Task goal: As you work through the listing below, copy each line exactly and drop the images.

Dataset extract:
Start of Block

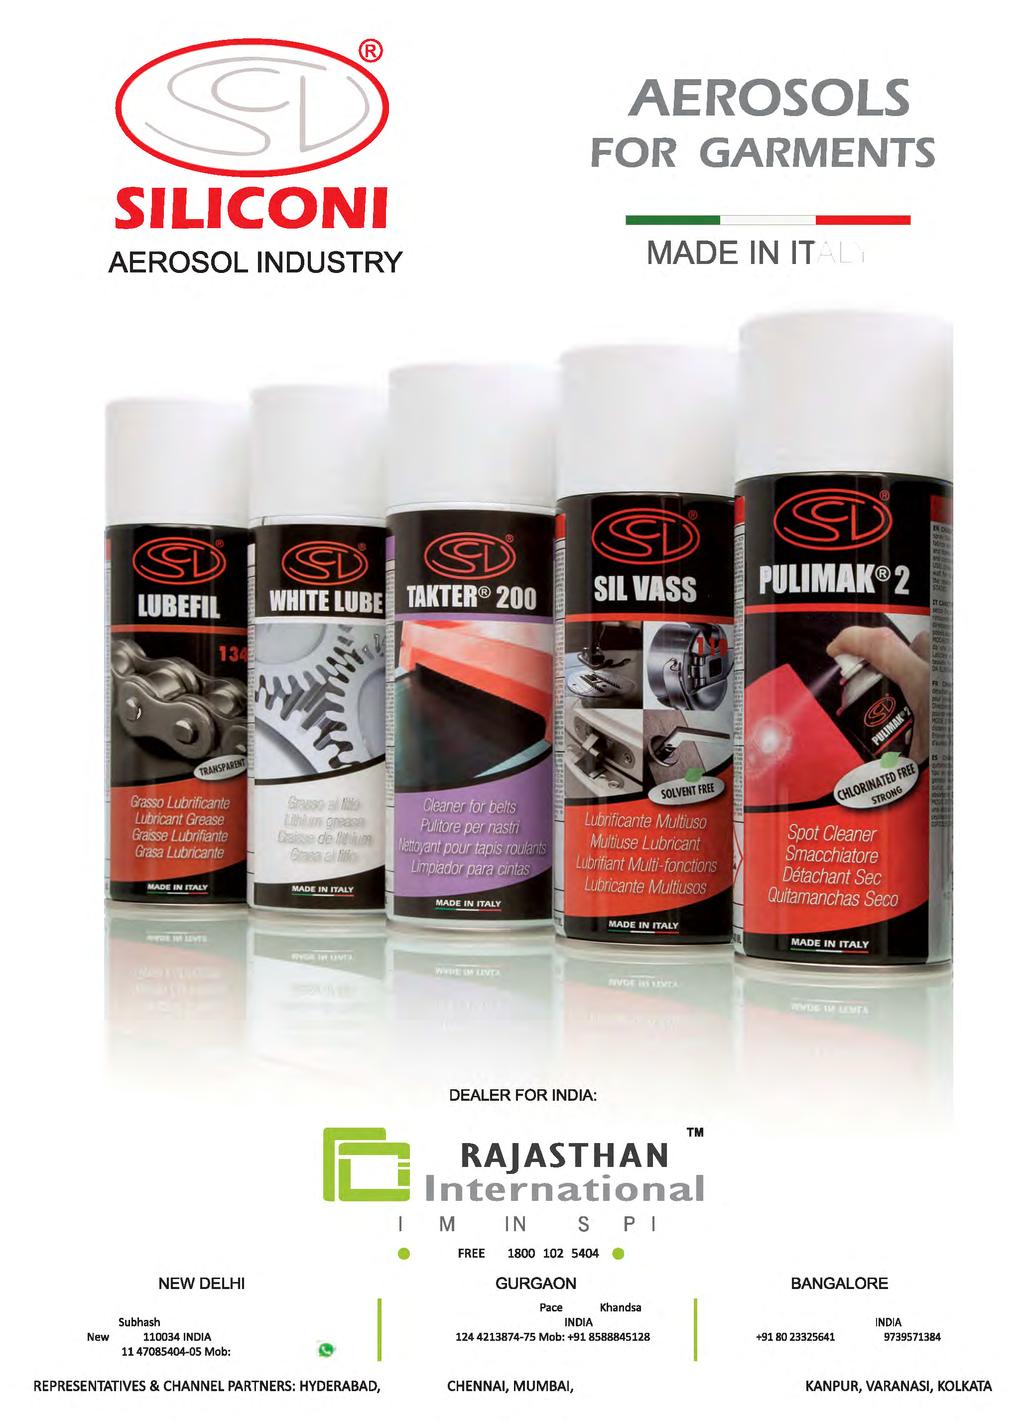 SILICON I AEROSOL INDUSTRY AEROSOLS FOR GARMENTS MADE IN ITALY DEALER FOR INDIA: RAJASTHAN International TEXTILE MACHINERY SUPPLIES www.rajasthanintl.
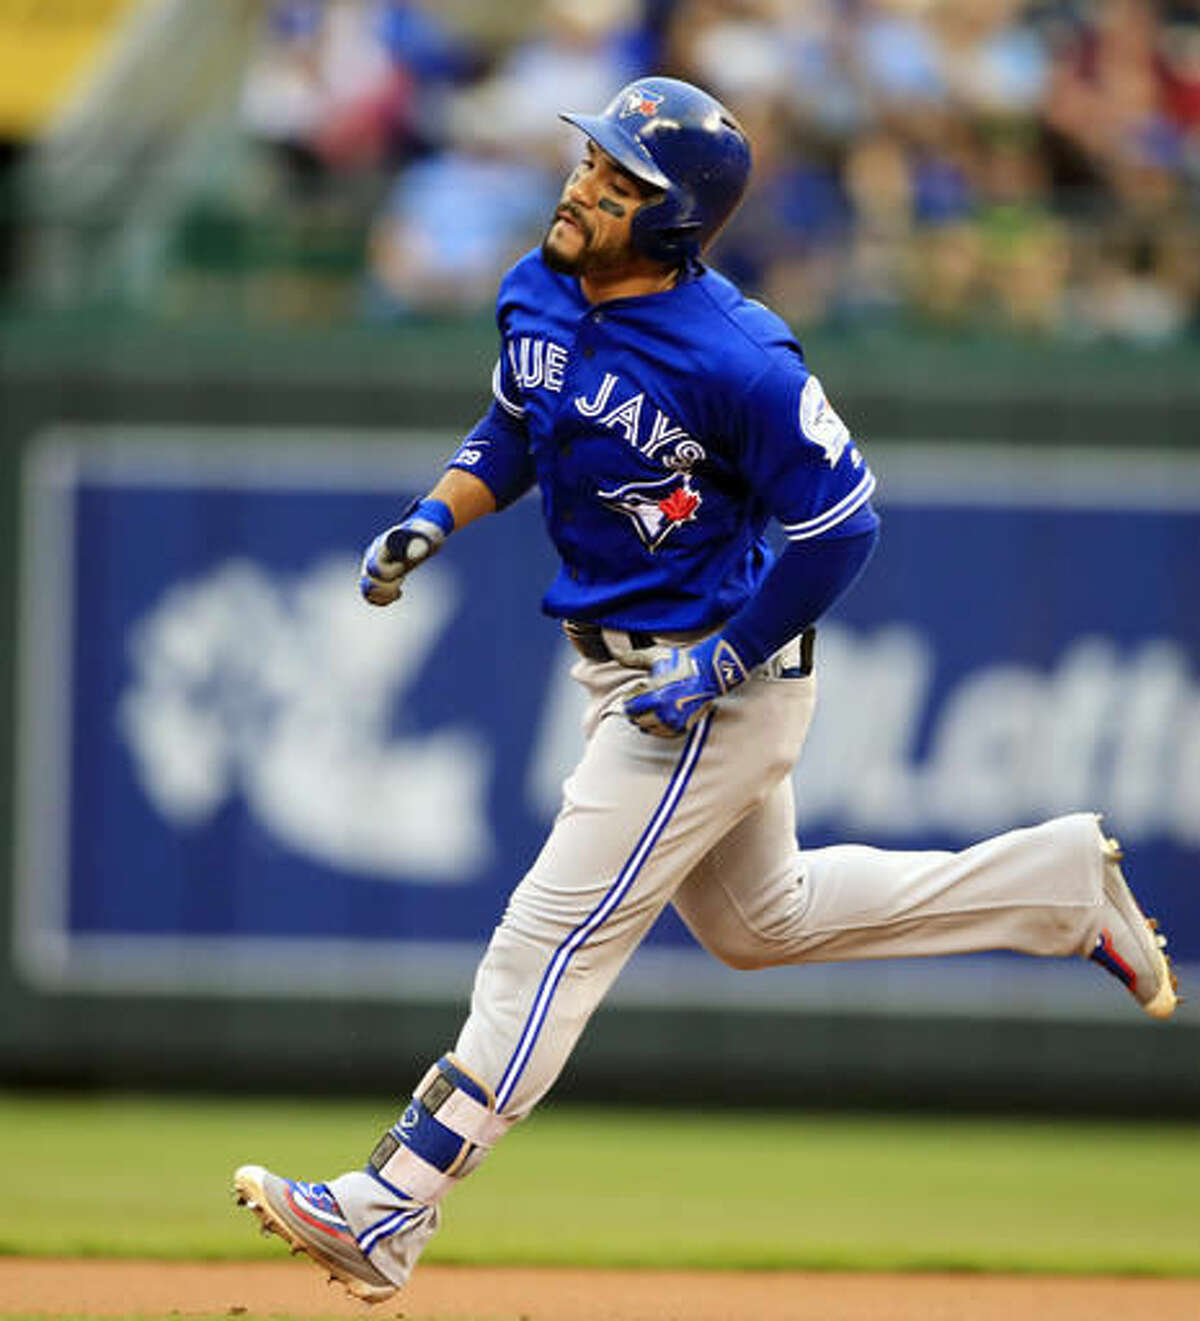 Toronto Blue Jays' Devon Travis rounds the bases after hitting a solo home run off Kansas City Royals relief pitcher Dillon Gee during the first inning of a baseball game at Kauffman Stadium in Kansas City, Mo., Friday, Aug. 5, 2016. (AP Photo/Orlin Wagner)
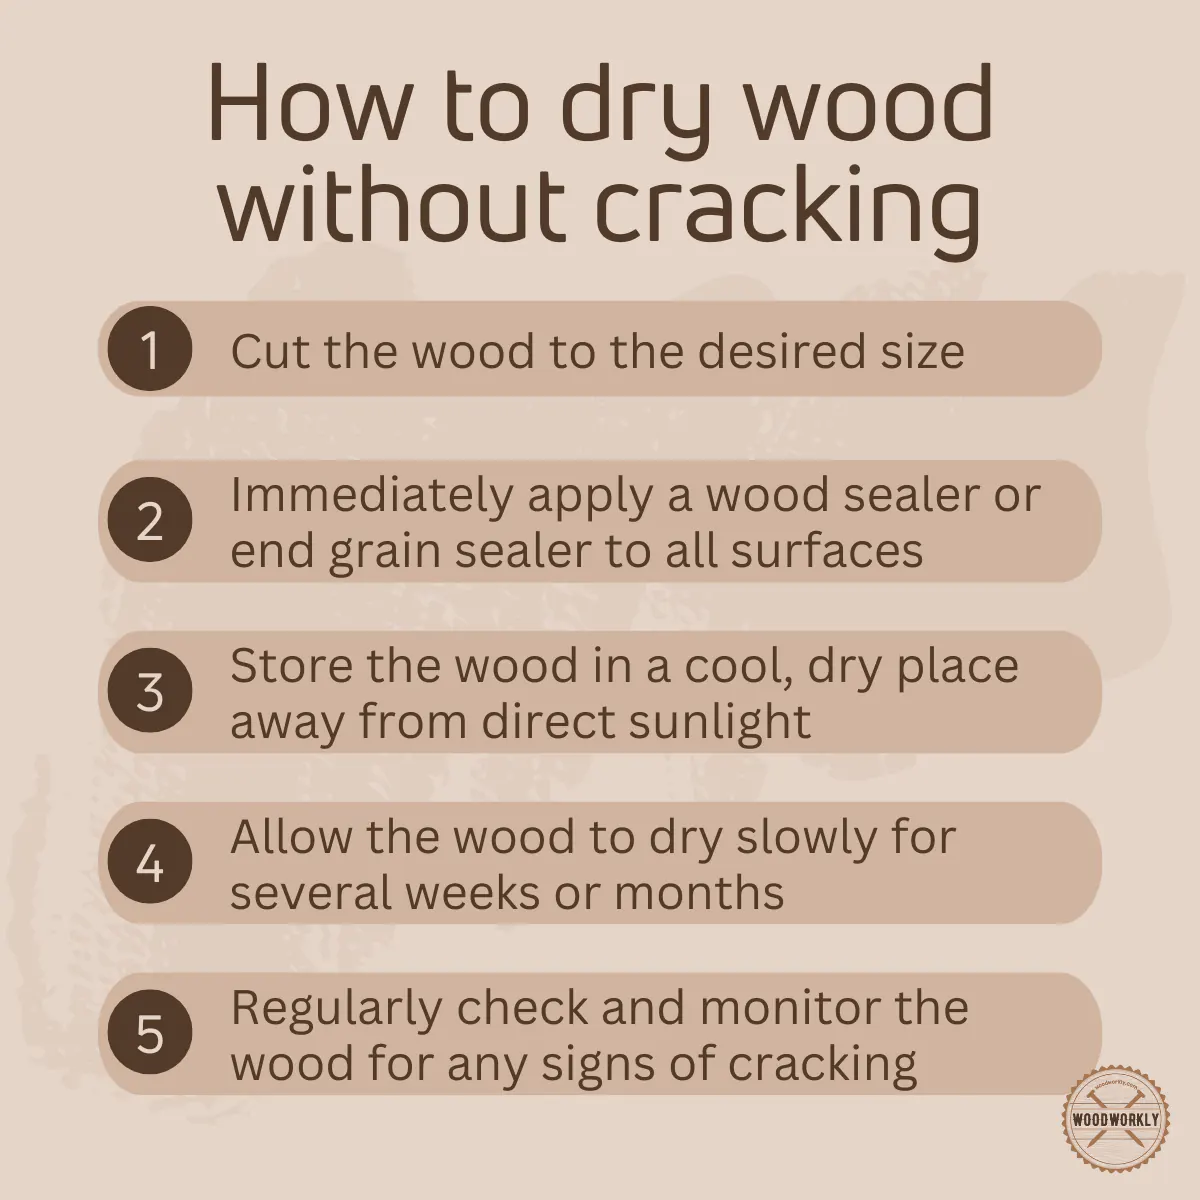 How to dry wood without cracking

End of Block

Answer box:
 SILICON I AEROSOL INDUSTRY AEROSOLS FOR GARMENTS MADE IN ITALY DEALER FOR INDIA: RAJASTHAN International TEXTILE MACHINERY SUPPLIES www.rajasthanintl.
 Toronto Blue Jays' Devon Travis rounds the bases after hitting a solo home run off Kansas City Royals relief pitcher Dillon Gee during the first inning of a baseball game at Kauffman Stadium in Kansas City, Mo., Friday, Aug. 5, 2016. (AP Photo/Orlin Wagner)
 How to dry wood without cracking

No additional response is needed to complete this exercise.